Cerebral Palsy Educational Issues: Language Difficulties and Adaptations
What Is Cerebral Palsy?
In the United States, almost 800,000 people have one or more cerebral palsy symptoms and each year, 10,000 infants will develop the disorder, according to the National Institute of Neurological Disorders and Stroke. Four types of cerebral palsy exist: athetoid cerebral palsy, spastic cerebral palsy, ataxic cerebral palsy and mixed cerebral palsy. The Center for Parent Information and Resources notes that 50 to 75 percent of cases are spastic cerebral palsy, 10 to 20 percent of cases are athetoid cerebral palsy, and 5 to 10 percent of cases are ataxic cerebral palsy.
The symptoms of cerebral palsy depend on the type that the child has. For example, a child with spastic cerebral palsy has increased muscle tone and has stiff movements. A child with athetoid cerebral palsy has low muscle tone and slow movements. Ataxic cerebral palsy symptoms include problems with balance, depth perception and coordination. If a child has mixed cerebral palsy, she has a combination of symptoms from the different types of cerebral palsy. In addition to these muscular symptoms, children with cerebral palsy can have other issues, including seizure disorders, spinal deformities, failure to thrive and intellectual disabilities. Cerebral palsy can also cause impairment in hearing, vision or speech.
The National Institute of Neurological Disorders and Stroke state that more than one-third of patients with cerebral palsy have difficulties with speech and language; in addition, about 20 percent of children cannot produce intelligible speech. Students with this neurological disorder may have trouble when they form words or may have difficulty speaking clearly. Due to trouble with fine motor control of the lips, patients may speak with a lisp or have flatness in their tone of voice. In addition to issues verbalizing themselves, patients may also have trouble with facial expressions and hand gestures.
One speech disorder that children with cerebral palsy may have is dysarthria, a motor speech disorder in which the patient has either difficulty controlling the muscles that control speech or has a weakness of these muscles. With dysarthria, patients may have slurred speech, monotone speech or an abnormal rhythm of speech.

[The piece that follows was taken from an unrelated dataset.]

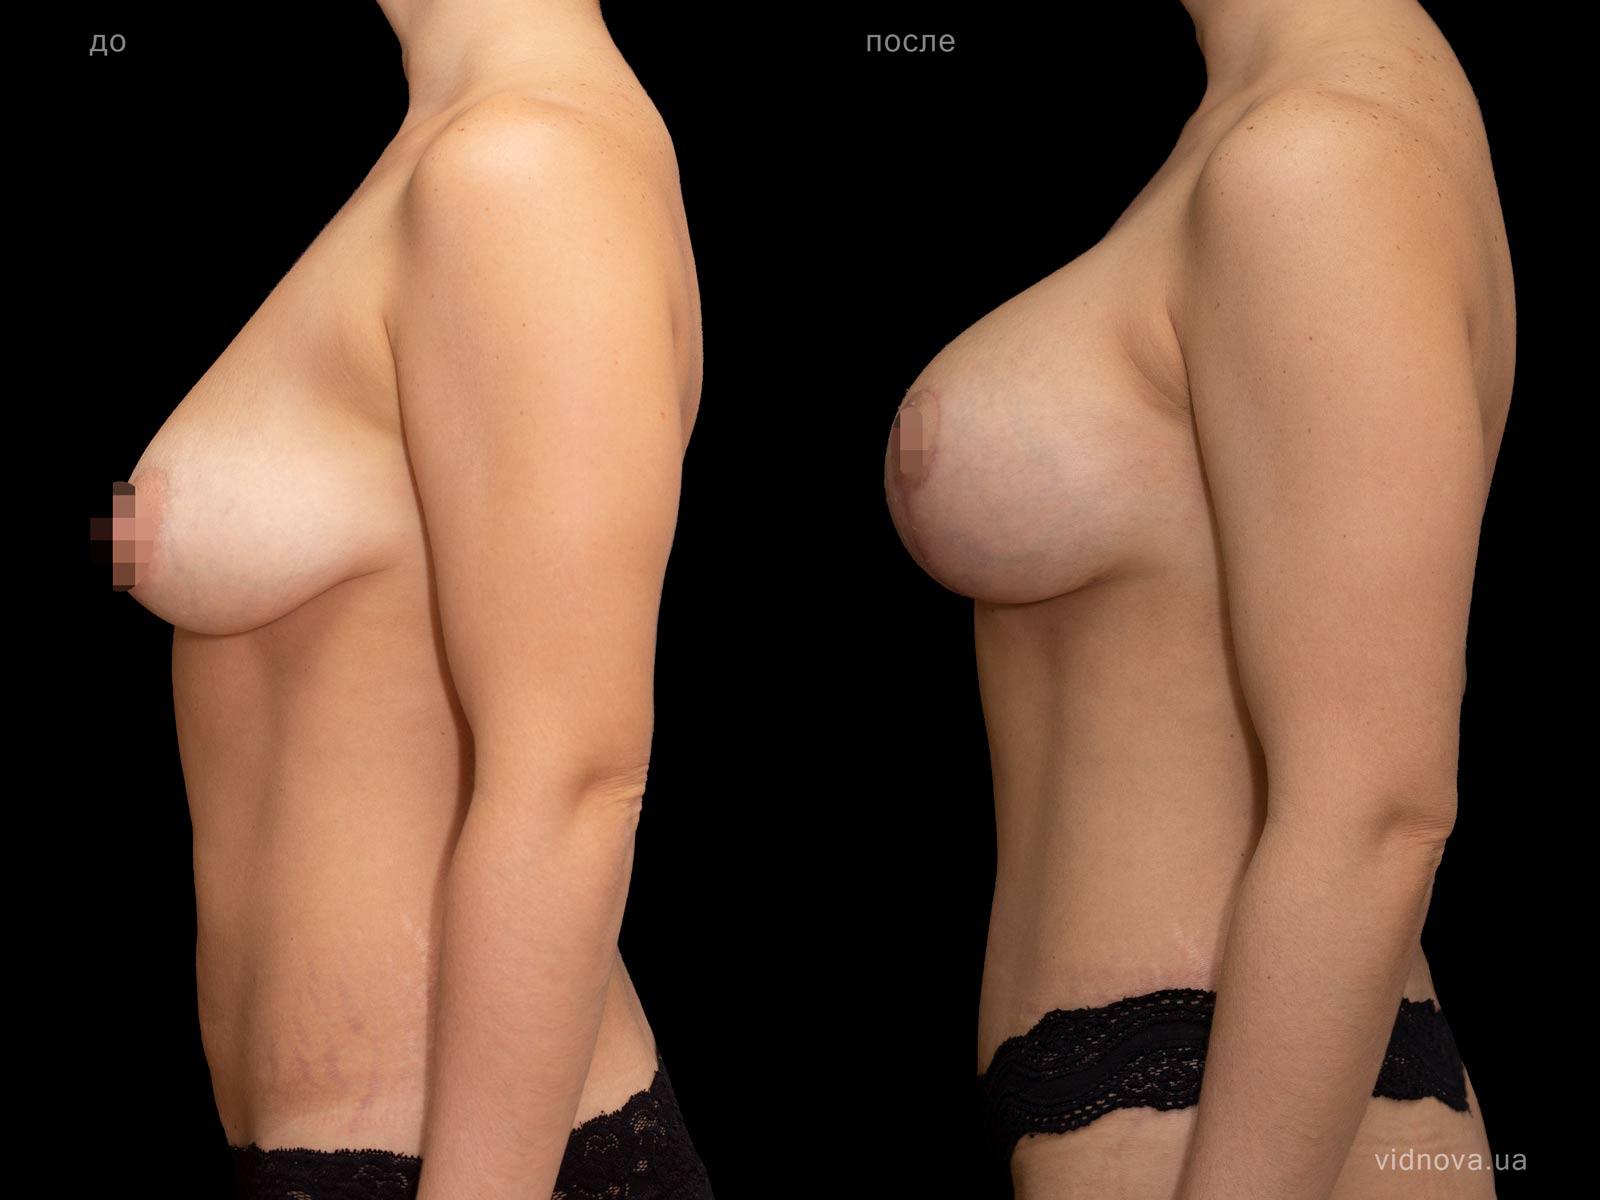 Пластика груди: результаты до и после - Пример №88-3 - Светлана Работенко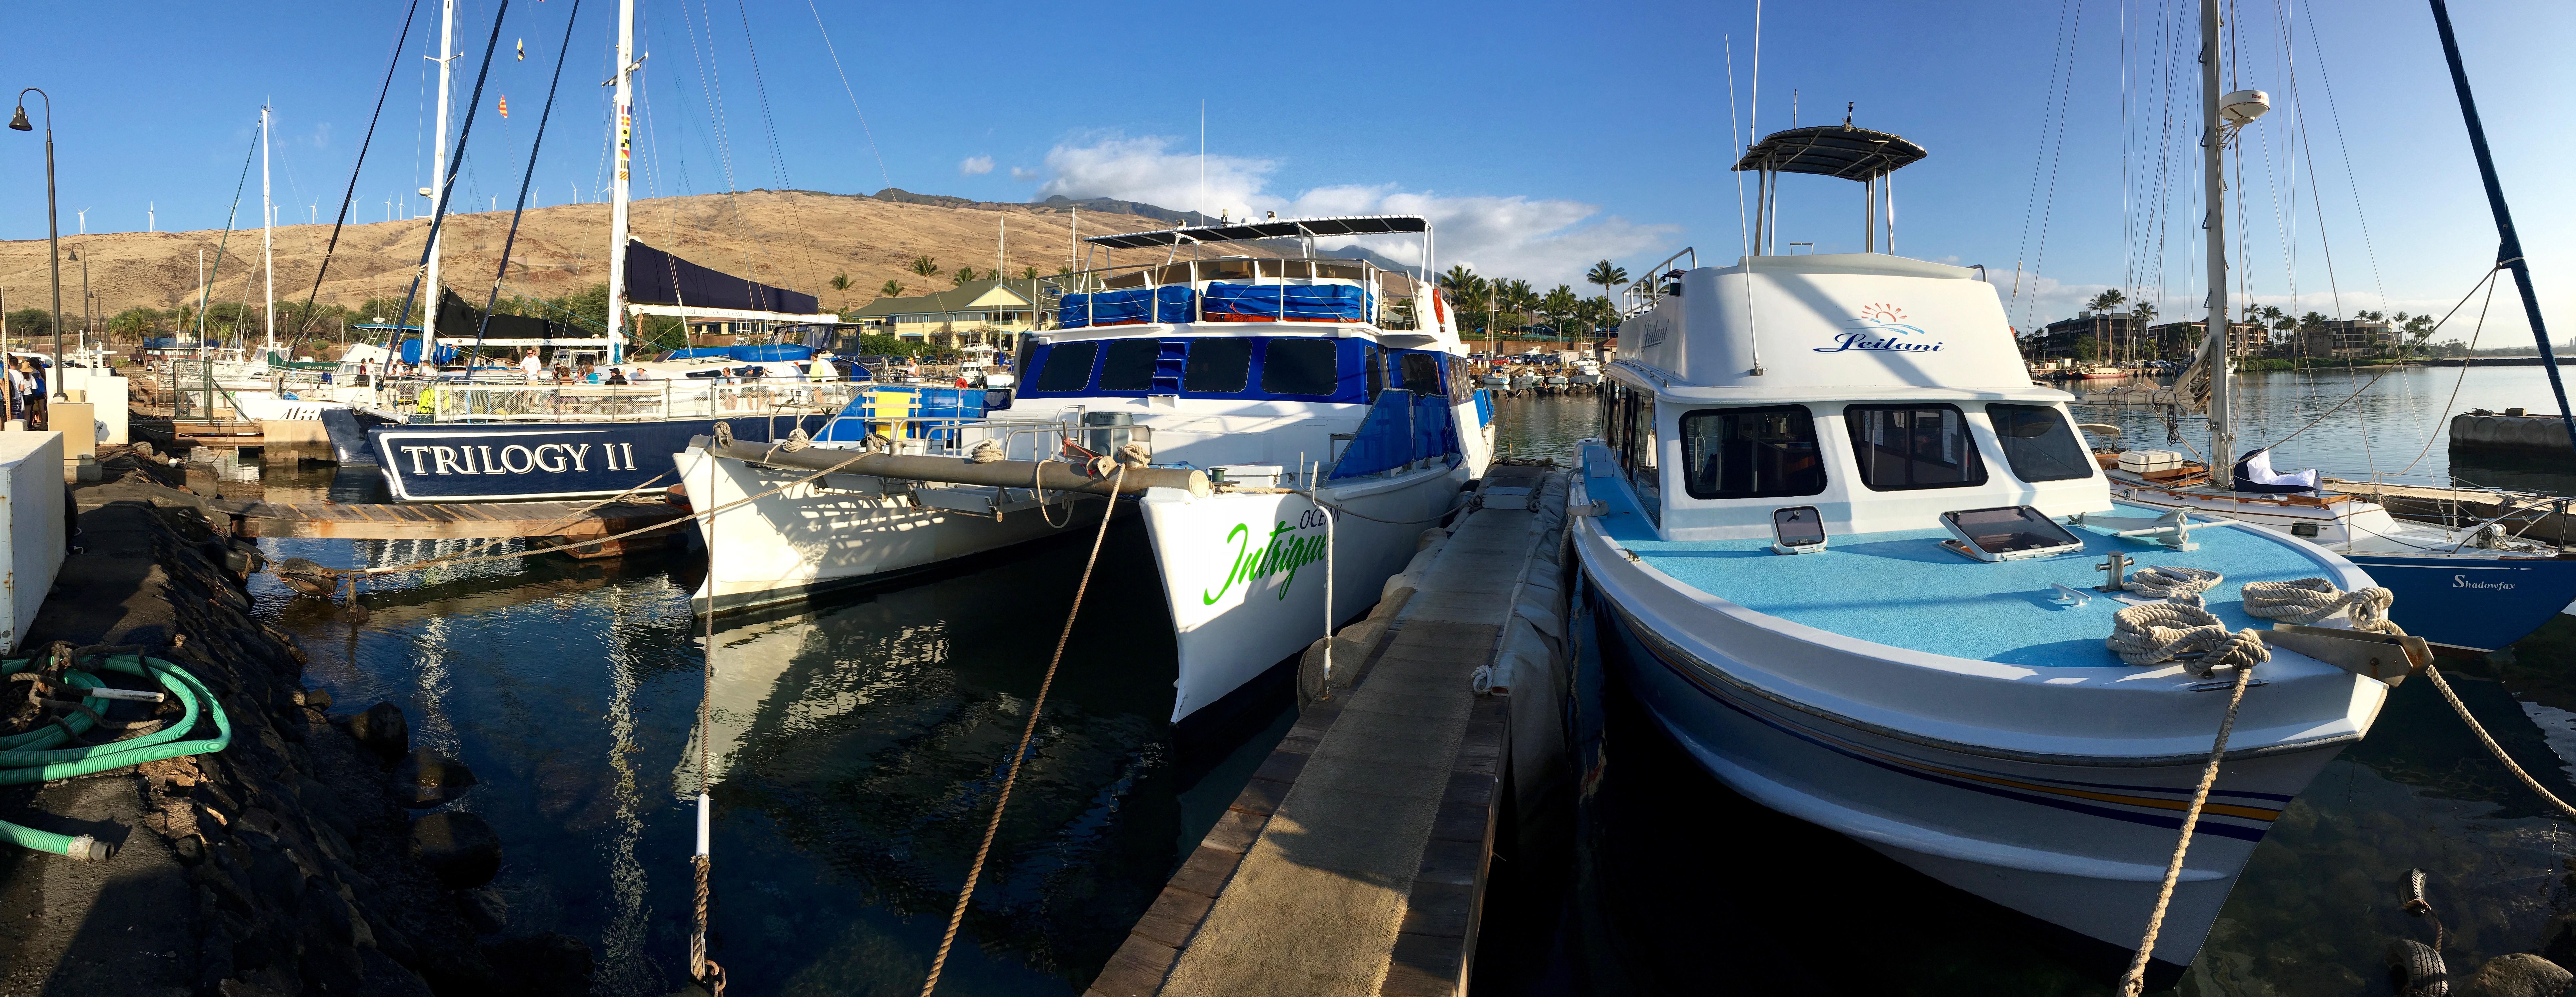 Ma'alea Harbor

A slow rate of speech, trouble speaking louder than a whisper, strained voice quality or an uneven volume of speech are also symptoms of dysarthria.
Treatment Options for Speech Difficulties
Cerebral palsy is a team-treated disorder, so a student with cerebral palsy may work with several different health professionals. Speech therapy is an important treatment for patients with speech difficulties. The speech-language pathologist will use several exercises to help the student overcome her specific language difficulty. This may include practicing words that start with a letter the student has trouble with or learning social skills used in conversations. The National Institute of Neurological Disorders and Stroke points out that many times these speech interventions include the patient’s families, who reinforce these new skills with the patient. If the child requires assistive technology because of language and speech issues, the speech-language pathologist can help the child learn how to use these devices.
Assistive Technology Options for Language and Speech
Assistive technology can be an invaluable tool to help students with cerebral palsy with communication methods. The type of assistive technology that a student uses will depend on how severe her language impairment is. Some communication methods can be simple. For example, the National Dissemination Center for Children with Disabilities notes that a student may use a communication board, which has words, letters, pictures and symbols on it. The communication board is an example of a manual communication aid. The student spells out what she would like to say or uses the pictures to convey what she is thinking. While a communication board can be a useful tool, it can only hold a limited number of images. United Cerebral Palsy of Michigan adds that spelling can be time consuming and some ideas cannot be expressed through a picture. In addition, a student who uses a communication board needs someone to assist her.
For students with a severe speech and language impairment, technology-assisted options such as symbol boards, computers and voice synthesizers can be helpful. The electronic devices may produce recorded human speech or electronic speech. United Cerebral Palsy of Michigan notes that some devices come with prerecorded messages, some allow the student to create her own message, while others allow the student to do both. If the student is physically limited and cannot touch the screen, she may use other assistive devices, such as pointing devices attached to a headband or placed in her mouth.
To find the right option for the student, a specialist in augmentative and alternative communication will work with the student, using the device in different settings, such as at home and school. The specialist will see how effective the device is for the student and how easy it is to use the device.
Issues to Keep in Mind
Lawrence Technological University points out that when working with students who have cerebral palsy, as well as speech and language difficulties, there are some etiquette points to keep in mind. For example, if you are working with a student and cannot understand what she has said, ask her to repeat herself. The university also suggests repeating back the information to make sure you understand what the student said. Finally, if the student is using cerebral palsy communication methods, she may not mind having her sentences finished to save her time, but before doing so, always make sure the student is okay with this.